Apple’s new iMovie Pro. (aka Final Cut Pro X)

Say goodbye to the Pro Apps as you know them. The writing has been on the wall for several years, yet many Final Cut Pro and Final Cut Studio users continue to cling to the hope that Apple will make a major leap with Final Cut Pro and bring it into 64-bit computing, and finally address the numerous issues that have been on wish lists, sometimes for an entire decade.

Well, Apple demoed iMovie Pro at the FCP SuperMeet this past Tuesday April 12th and made absolutely no qualms about visually signifying the end of the Pro apps as we know them. There was no talk of Color. Soundtrack, Motion, Compressor, DVD Studio Pro, Blu-ray authoring, 3D authoring, feature film features, etc. No the focus was solely on Apple iMovie Pro.

How did we get to this sorry state? Well, I think there was a conversation in January that sort of went like this:

Steve: Did you see Avid’s latest software? And the CS5 thing is killing us. Ugh!
Get Randy on the phone.

Randy: Wassup Stevie baby.

Steve: Stop acting like a kid. We need something to keep our Pro Apps users on board & buying hardware. It’ll take too long for QuickTime X and Lion to enable the infrastructure for a new & power Final Cut Studio. What do you have?

Randy: Well, consumers love the new iMovie!
Well, they did after we put back many of the features I threw away when I redid it.
But they love it now! It’s the only version of iMovie they buy any more!

Steve: Randy, it’s the only version of iMovie we offer any more.

Randy: Oh, yea, righto, Stevo.

Steve: Stop it Randy.
I really need a rabbit out of a hat here.

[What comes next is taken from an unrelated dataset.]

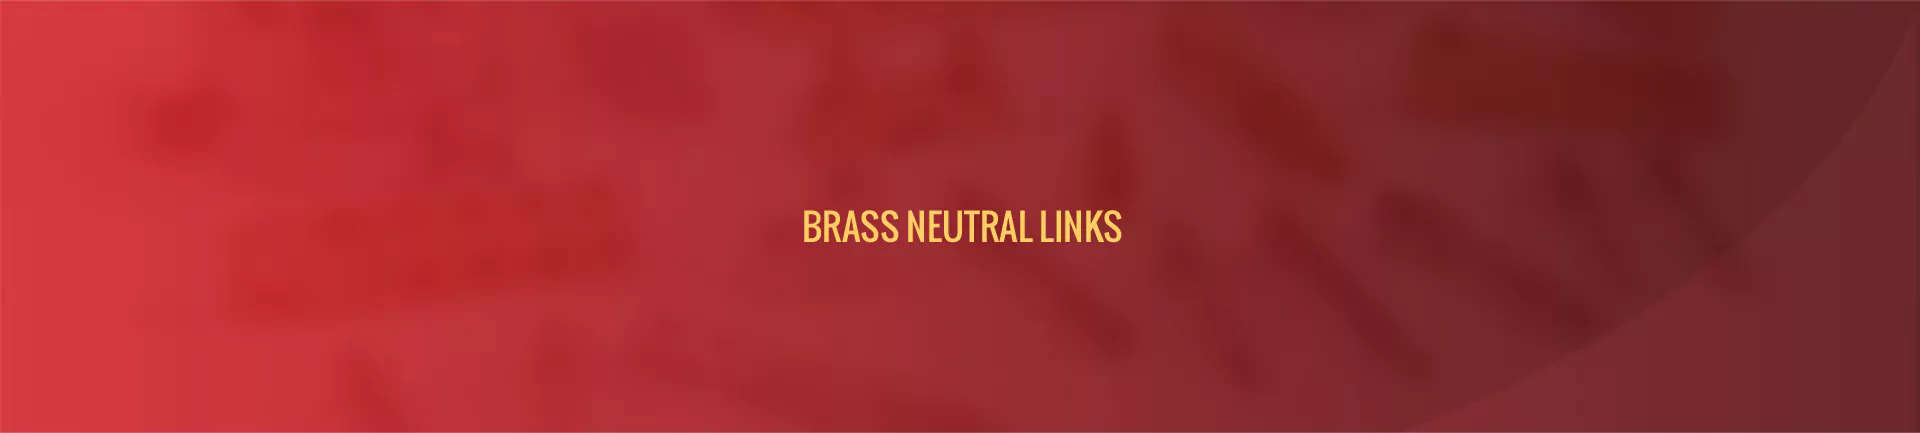 brass-neutral-links-banner

Randy: What if I dress up iMovie with some cool higher end features I’ve been thinking of and we call it iMovie Pro?

Steve: What? That’s inane. Nobody’d buy into that bullshit.

Randy: No, really! If we present it just the right way, and I make sure it has a few of the most asked for features that people have been begging for in FCP for a decade… they’ll gobble it up!

Steve: Oh yea, the “reality distortion field thing?”

Randy: Exactimundo!

Steve: Okay, I’ll bite, what do you propose?

Randy: Okay, I’ve always wanted to have the software, like, autodetect things- like faces, people, etc. Like the iPhoto thing. And we can have the clips slide around in the timeline like it did with iMovie 1 back in 1999.

Steve: That’s going back a ways there, Randy.

Randy: …oh, and I know people hate waiting for rendering, that’s why Premiere is so cool with that whole GPU thing. That ROCKS! The way you can just stack up HD clips an—

Steve: RANDY!

Randy: Oh, yea, sorry. Anyway, I could also grab background rendering from iMovie 1. FCP users will just gobble that UP! We’ll talk about 64-bit and all that, but we can fudge what doesn’t really work in software.

Steve: No render bars?

Randy: Nope.

Steve: Can I manually dedicate CPU processing to interface and background tasks so the interface doesn’t slow…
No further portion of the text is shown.